I am not sure Caydance really thought about it all except loving her costume. As soon as the costume came on she knew she was a little fair/princess and the twirls and dancing begun. She also was trying to find her feet under all that tulle. She is always an amusing site for sure. I do not think this year she was really into trick or treating. She is still a little on the young side to understand she is almost 15 months but most people thought she was just about to turn 1 and this is her second Halloween. I cannot believe she was just over 3 months last year <3 . Caydance basically wanted to keep getting in and out of wagon and just walk! She got very tired of the whole trick or treating real fast! However, I noticed that among that a lot of young ones passed out in strollers or being carried by their parents. I always enjoy the sites of Halloween. So I ended up taking Caydance back to hang out with Daddy which she had a lot more fun running around the yard and checking out the costumes.

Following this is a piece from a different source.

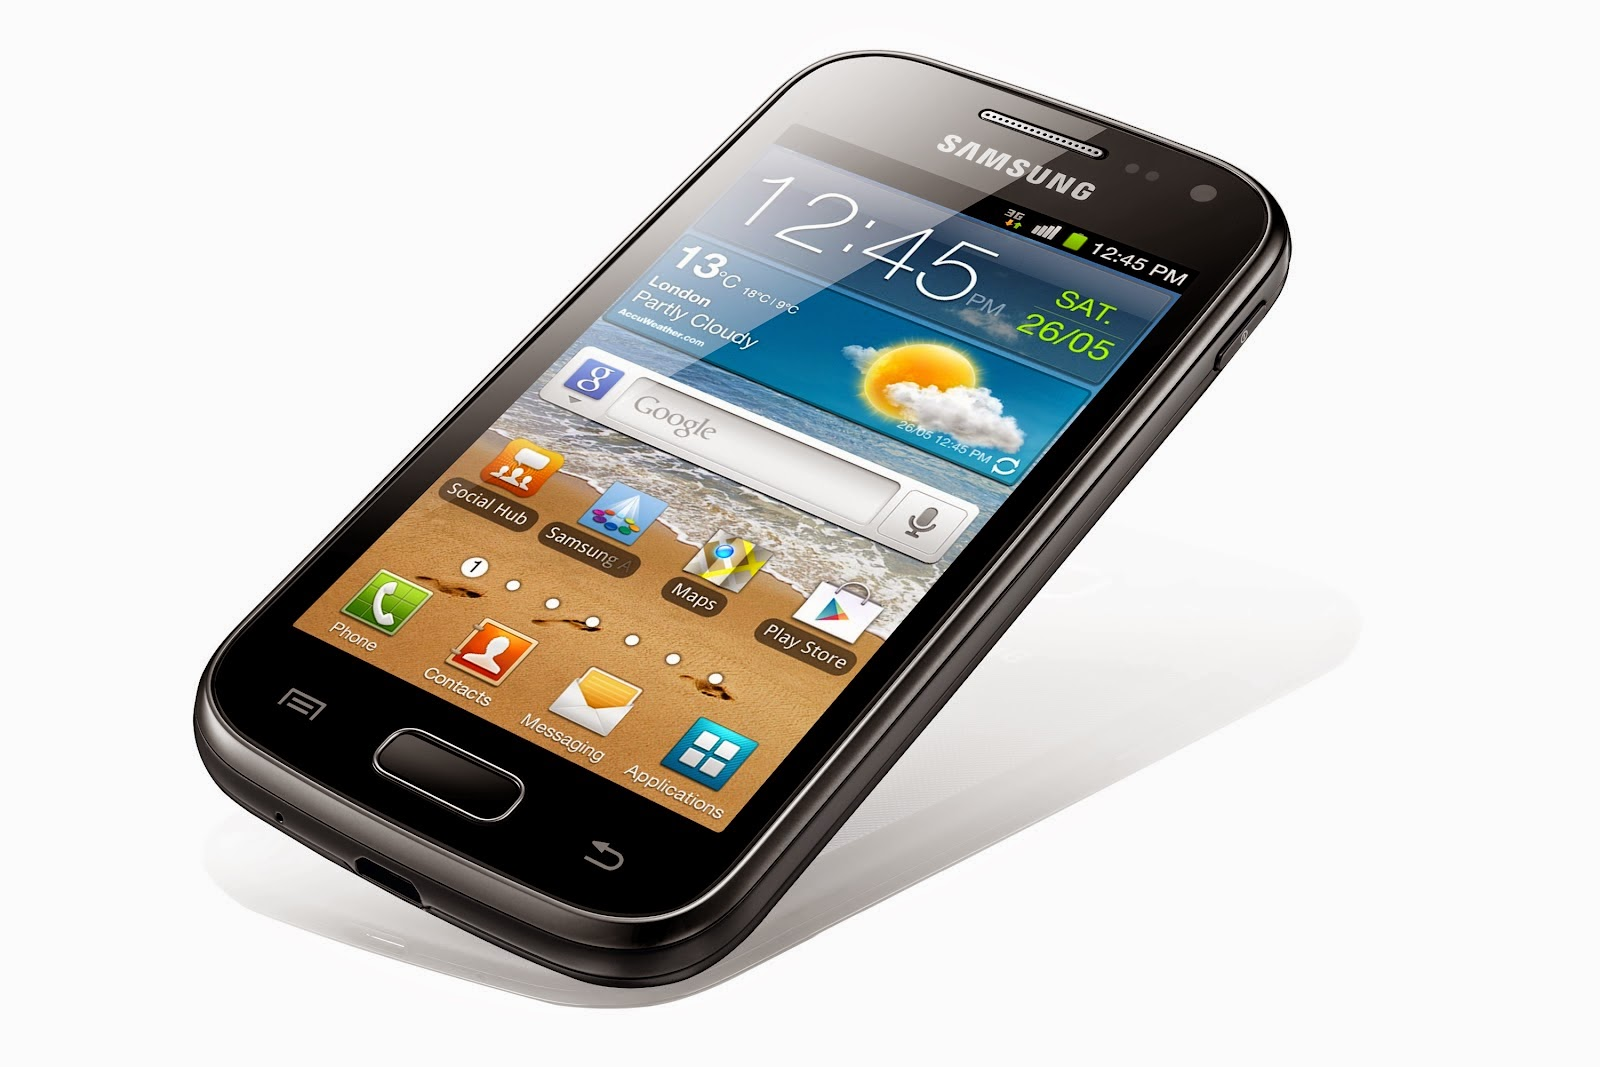 Hướng dẫn Hard Reset Samsung Galaxy Ace 2 i8160

|Caydance's shoe would not stay on this is are flower bed: Property A Bipolar Mom and Her Daily Life|
|Caydance and the wagon: Property A Bipolar Mom and Her Daily Life|
Well the night ended with a light meal, showers, and each picking a treat from the bucket.
Even though the next day was the first day of November it was still Halloween weekend. So we spent most of the day outside enjoying the weather. However, I decided to a Halloween fun meal for my little ones. Which included bloody spiders, purple green beans, banana ghost, and bread bones (sorry no pictures of the bread bones they came out a little...umm naughty like).

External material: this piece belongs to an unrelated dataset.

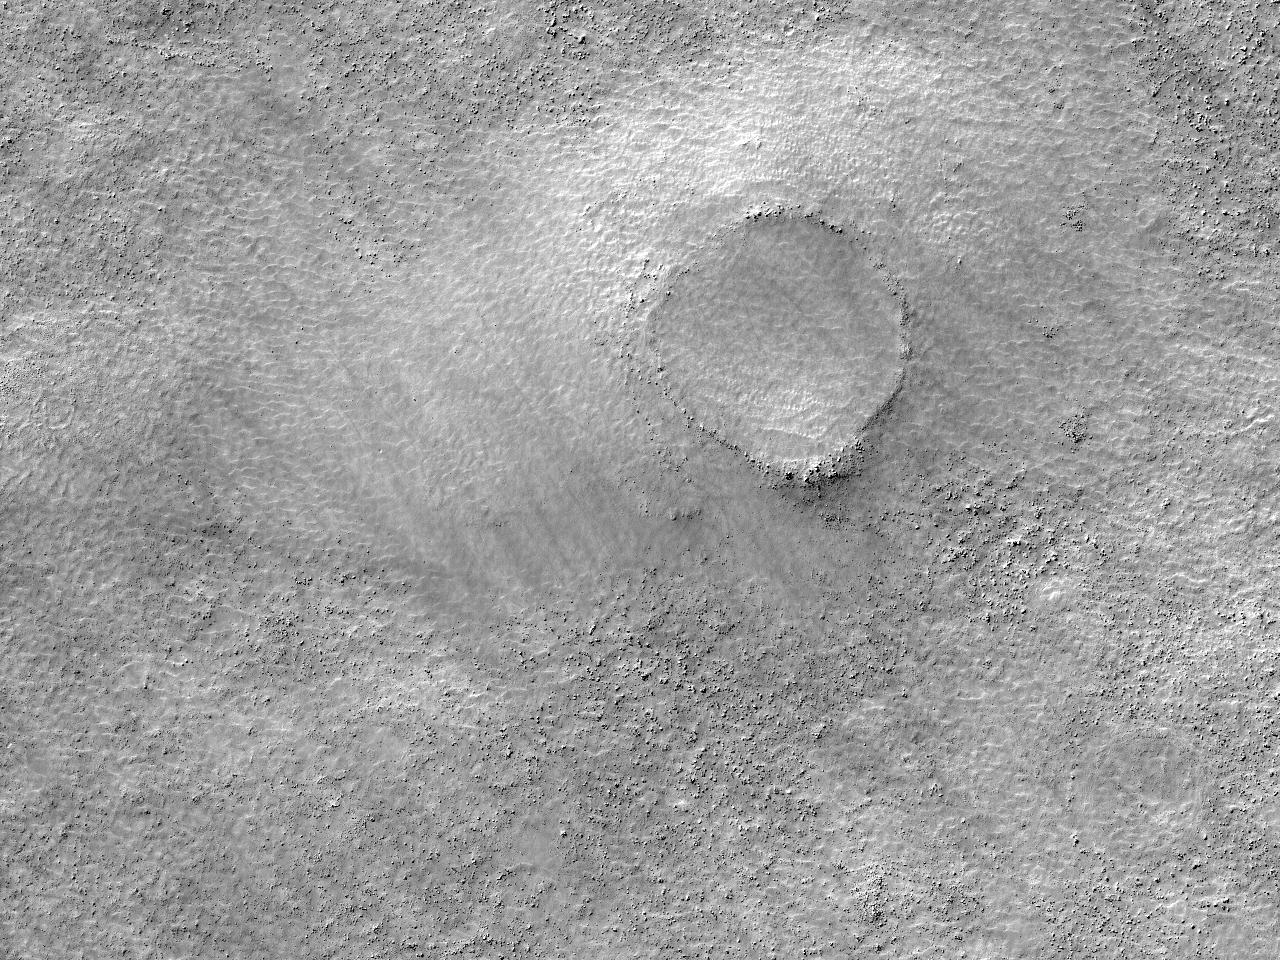 Кратер земли Terra Cimmeria

|Halloween themed dinner : Bloody spiders, mac and cheese, purple spiders, and banana ghost: Property A Bipolar Mom and Her Daily Life|
Between baths and picking up the living room the kids decided they would find new uses for Halloween buckets besides putting candy in them....
|I am proud to be their mom:Property A Bipolar Mom and Her Daily Life|
|Only my two! They were putting them on and then head butting each other :) :Property A Bipolar Mom and Her Daily Life|
|Proud to be their mother! : Property A Bipolar Mom and Her Daily Life|
So that was our Halloween Weekend.... hope you guys had a great one!